A pesquisadora é uma das autoras do Plano Foz de monitoramento da costa oceânica do estado e da foz do rio Amazonas, uma iniciativa que busca financiamento e que propõe a implementação de redes de medições para investigar questões como a hidrodinâmica, salinidade, corrente marítima, o vento e a temperatura, dentre outros aspectos. O Plano envolve pesquisadores, técnicos e professores de instituições como a Universidade Federal do Pará (UFPA), Universidade Federal Rural da Amazônia (UFRA), Universidade de Brasília (UNB) e o Instituto Nacional de Pesquisas Espaciais (INPE).

“A foz é muito pouco estudada. Tem um desafio logístico muito grande, requer um recurso muito maior do que em outras regiões”, contextualiza. “Mas, sem dados, tudo que for feito vai gastar mais tempo, energia e dinheiro e não vai conseguir ter o preparo da maneira correta”, conclui.

A pesquisadora observa que pouco mudou desde que o Ibama indeferiu o pedido da Petrobras. “O que teve de avanço é que vamos atualizar as cartas de sensibilidade de derramamento de óleo. Estamos iniciando as tratativas agora”.

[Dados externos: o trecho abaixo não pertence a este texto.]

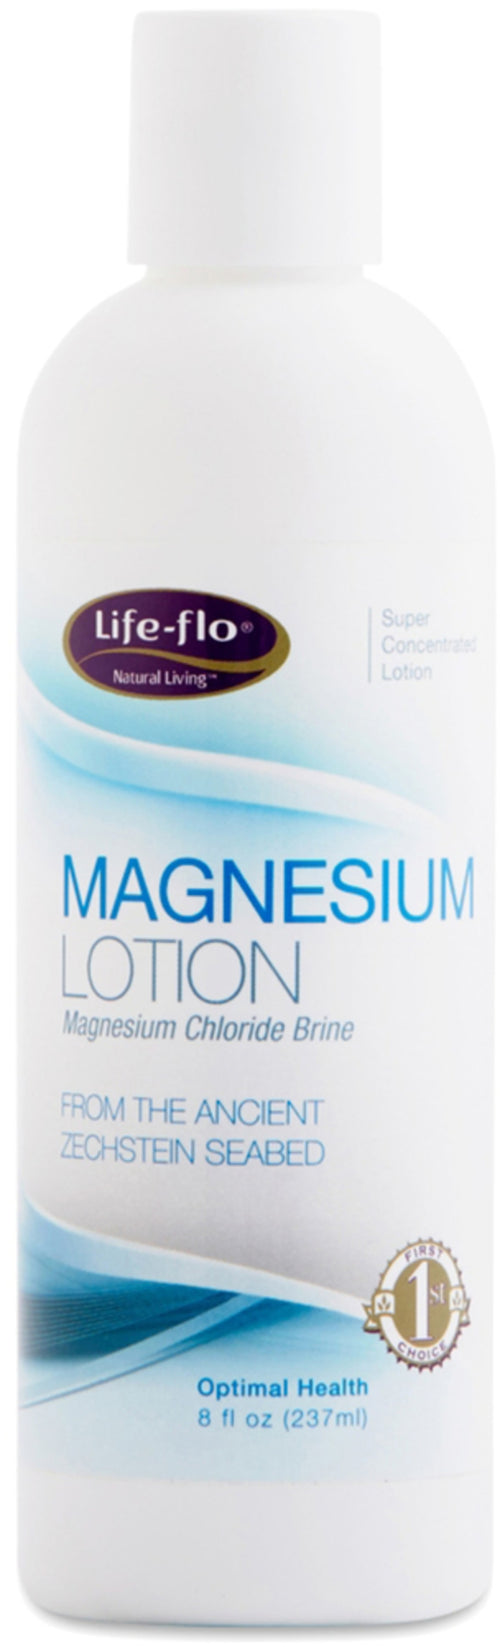 Magnesium Lotion 8 ounce Flaske

Os documentos, conhecidos como Cartas SAO, mapeiam a vulnerabilidade de uma região a um eventual derramamento de óleo, e incluem informações como sensibilidade dos ecossistemas marinhos e costeiros, recursos biológicos e usos humanos dos espaços. As cartas atuais foram entregues em 2016, por pesquisadores do Museu Paraense Emílio Goeldi, INPA e UFPA, e mostram que, em um cenário pessimista, os ambientes ficam muito vulneráveis, por uma gama de características próprias do local, como a presença abundante de manguezais, que seriam extremamente difíceis de limpar em caso de vazamento.